# -*- coding: utf-8 -*-
"""
ddl_parser.py
Analyse un script SQL (DDL) pour en extraire les tables, colonnes, PK et FKs.
Conçu pour PostgreSQL / SQLite/SpatiaLite "classiques".
"""

from dataclasses import dataclass, field
from typing import Dict, List, Optional, Tuple
import re


@dataclass
class Column:
    name: str
    type: str = ""
    not_null: bool = False
    primary_key: bool = False
    unique: bool = False
    default: Optional[str] = None
    foreign_key: bool = False


@dataclass
class ForeignKey:
    name: str
    src_table: str
    src_cols: List[str]
    ref_table: str
    ref_cols: List[str]
    src_not_null: bool = False
    src_unique: bool = False


@dataclass
class Table:
    name: str
    columns: Dict[str, Column] = field(default_factory=dict)
    pk: List[str] = field(default_factory=list)
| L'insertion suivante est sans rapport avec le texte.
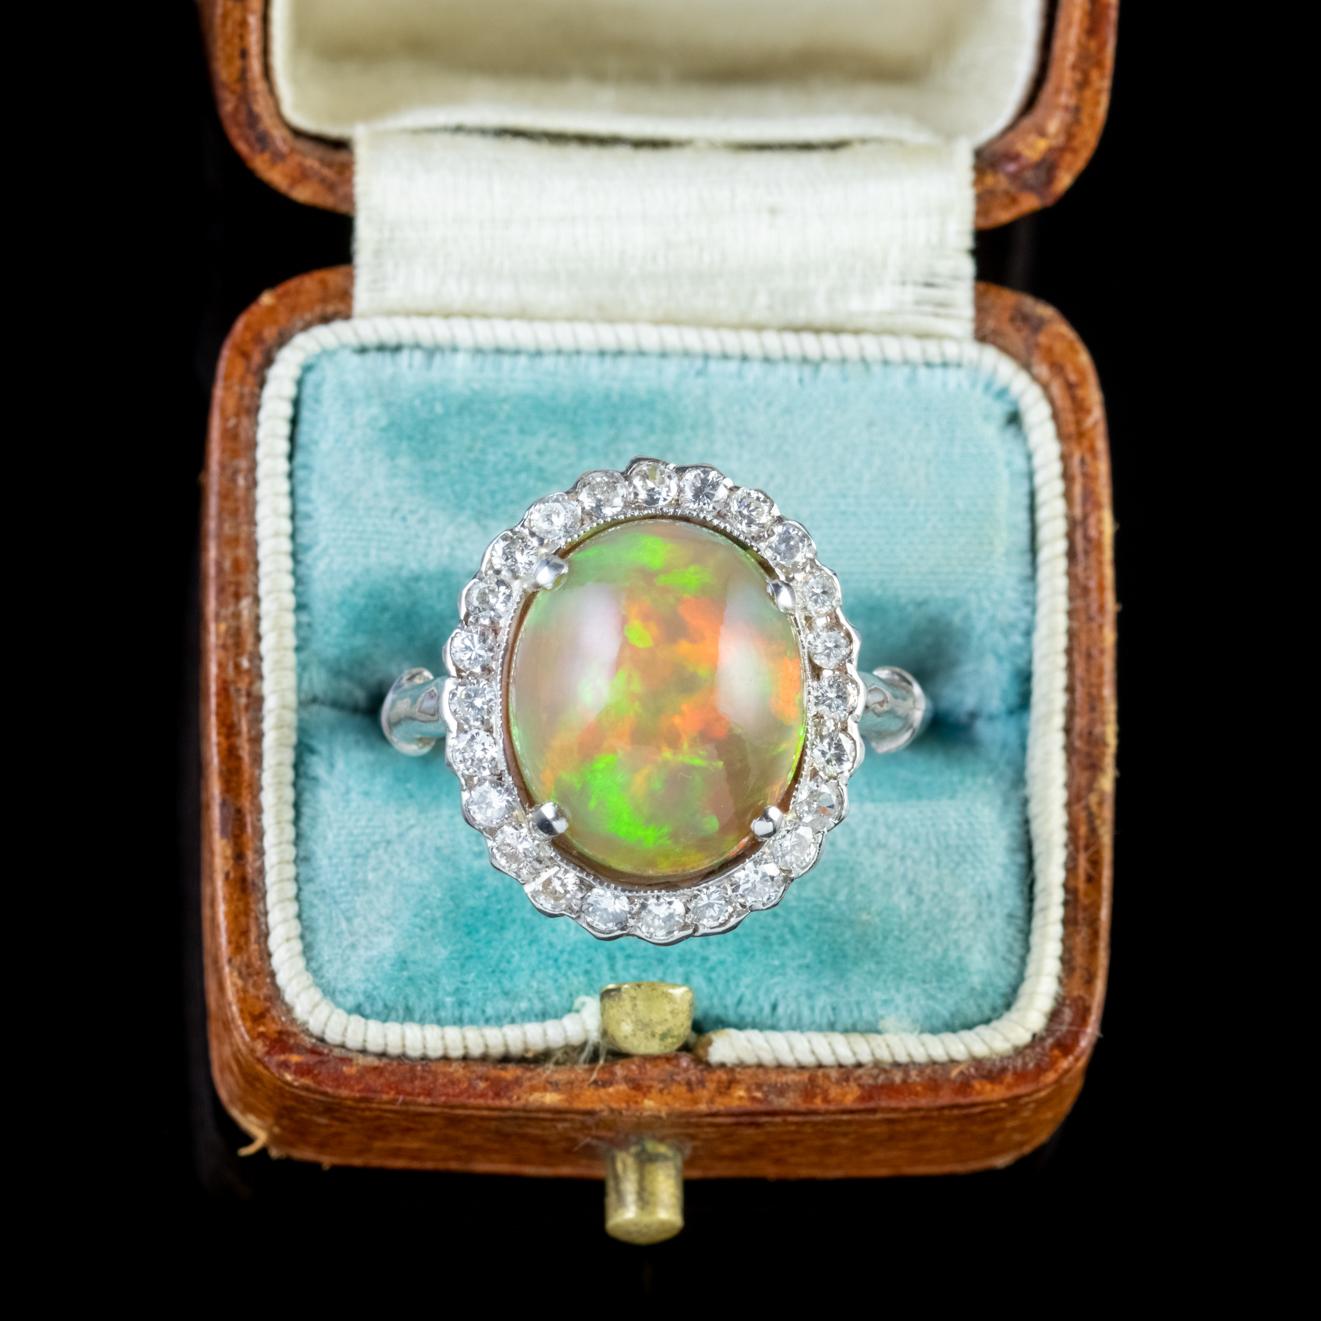 Antique Edwardian Opal Diamond Ring Platinum 6 Carat Natural Opal, circa 1910 For Sale 2

# ----------------------------- Helpers ---------------------------------


def _strip_comments(sql: str) -> str:
    sql = re.sub(r"/\*.*?\*/", "", sql, flags=re.S)
    sql = re.sub(r"--[^\n]*", "", sql)
    return sql


def _split_statements(sql: str) -> List[str]:
    out: List[str] = []
    buf: List[str] = []
    depth = 0
    in_squote = False
    in_dquote = False
    i = 0
    while i < len(sql):
        ch = sql[i]
        nxt = sql[i + 1] if i + 1 < len(sql) else ""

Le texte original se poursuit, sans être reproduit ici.